YOUR ASSIGNMENT => Leaving out all pictures, write down exactly the lines from the one containing "What is a Lifetime Mortgage?" through the last line of the material.

EXERCISE DATA =>
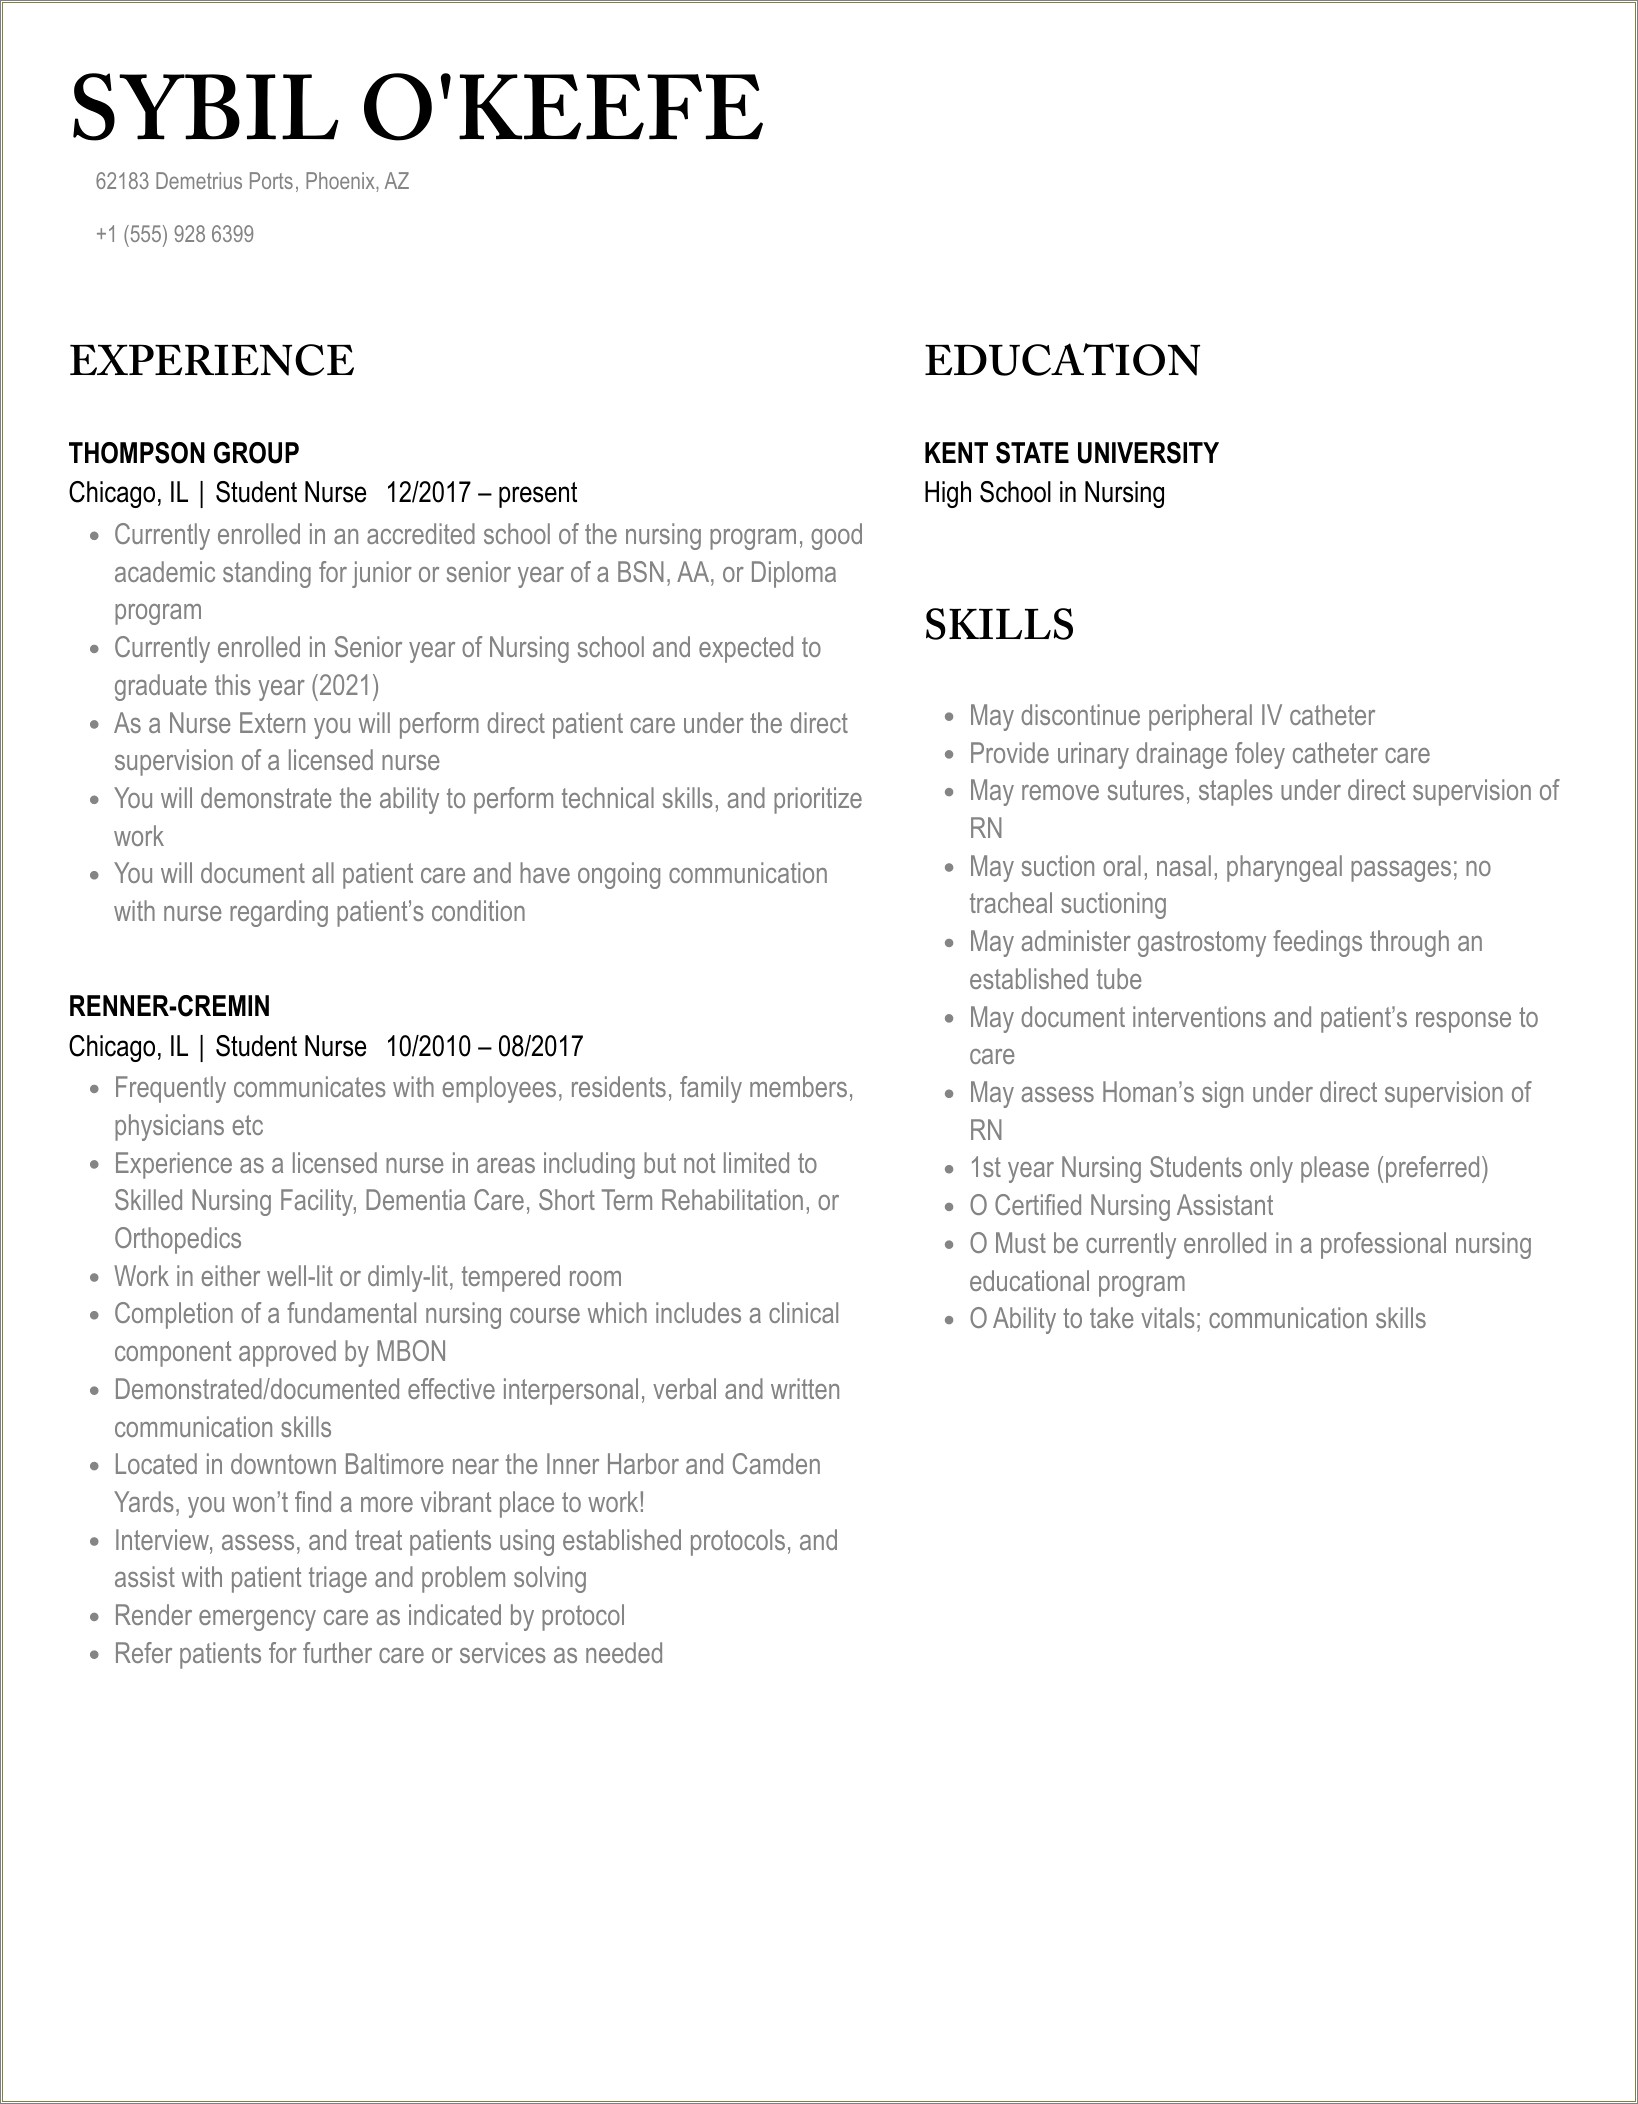 Current Nursing Student Resume With No Experience
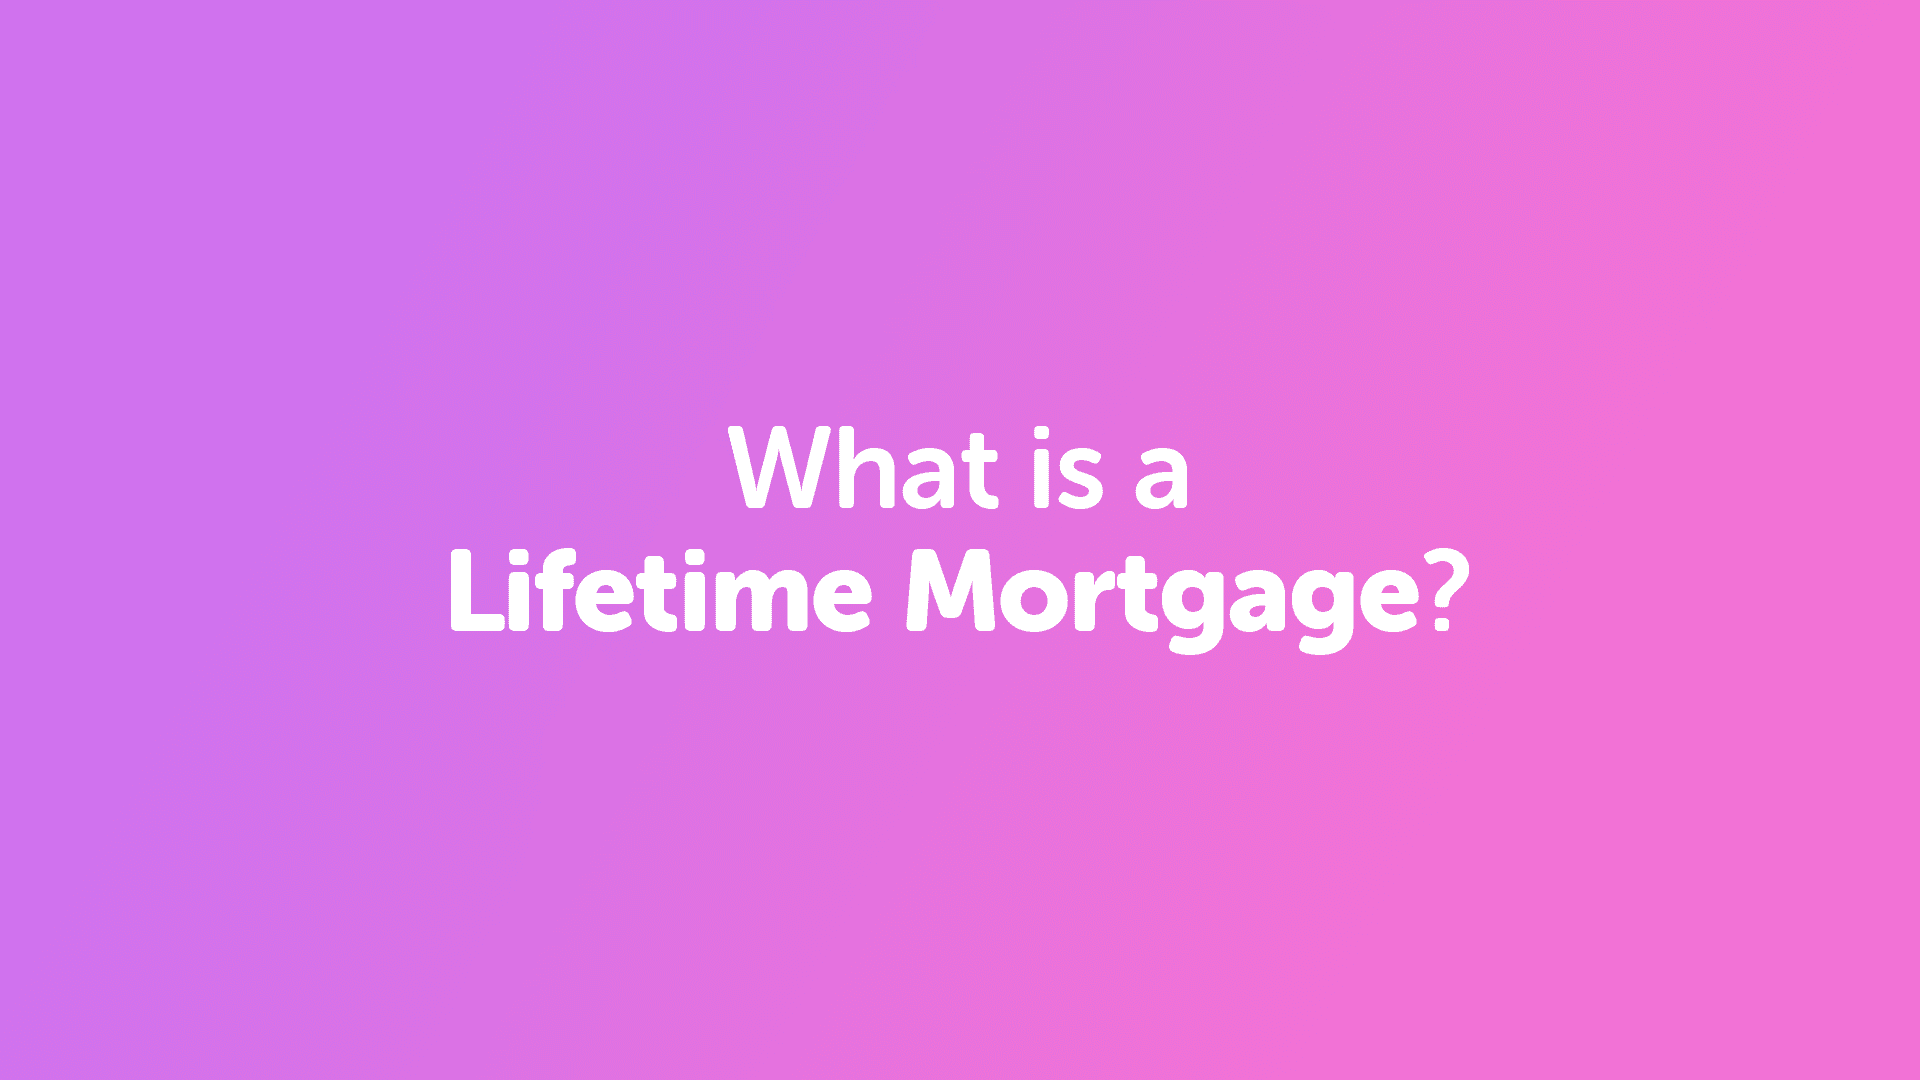 What is a Lifetime Mortgage?
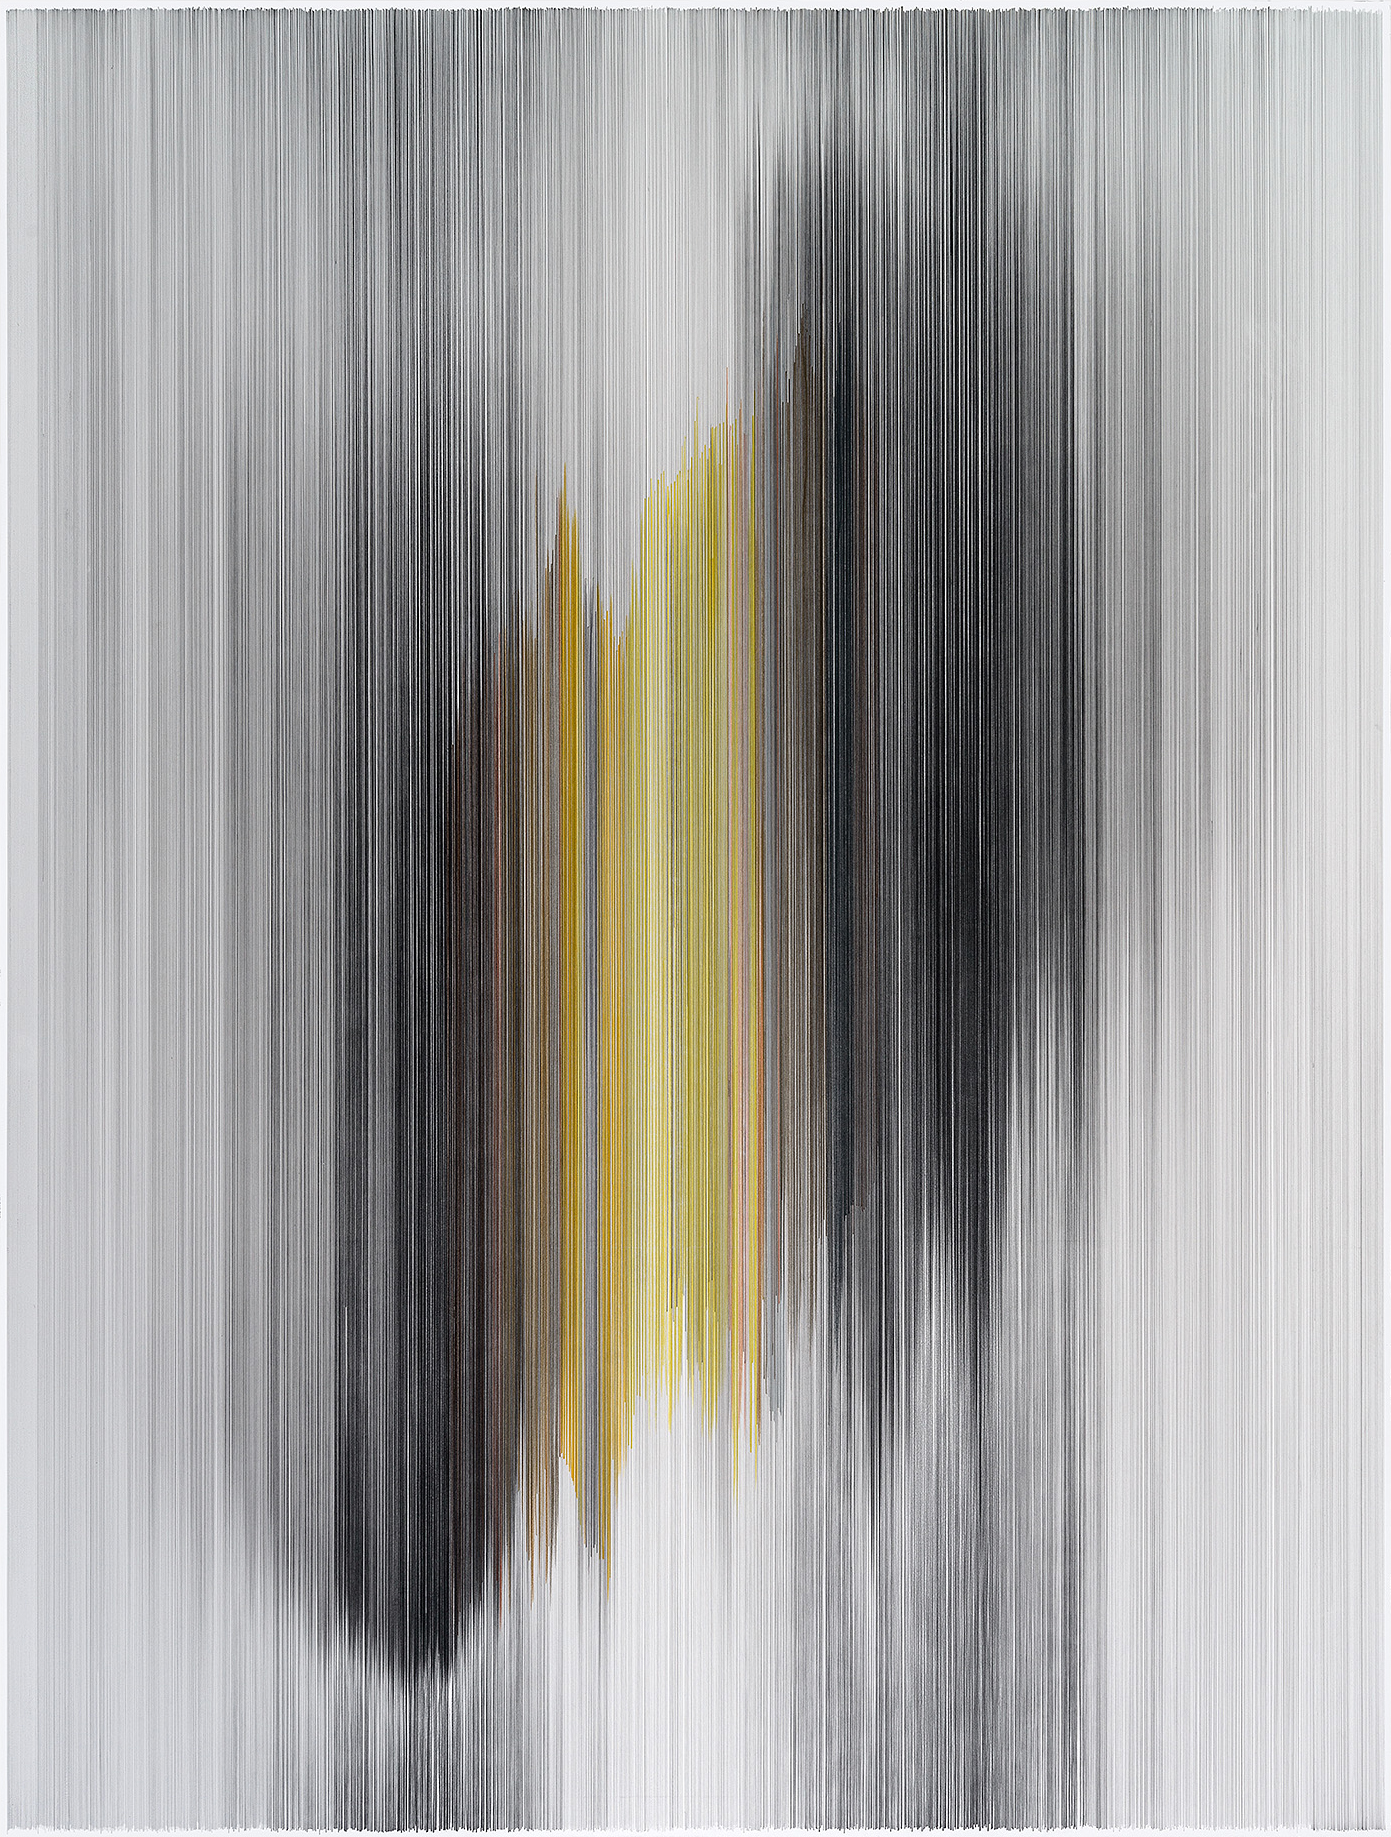    parallel 45   2014 graphite and colored pencil on mat board 80 x 60 inches

TASK ANSWER =>
 What is a Lifetime Mortgage?
    parallel 45   2014 graphite and colored pencil on mat board 80 x 60 inches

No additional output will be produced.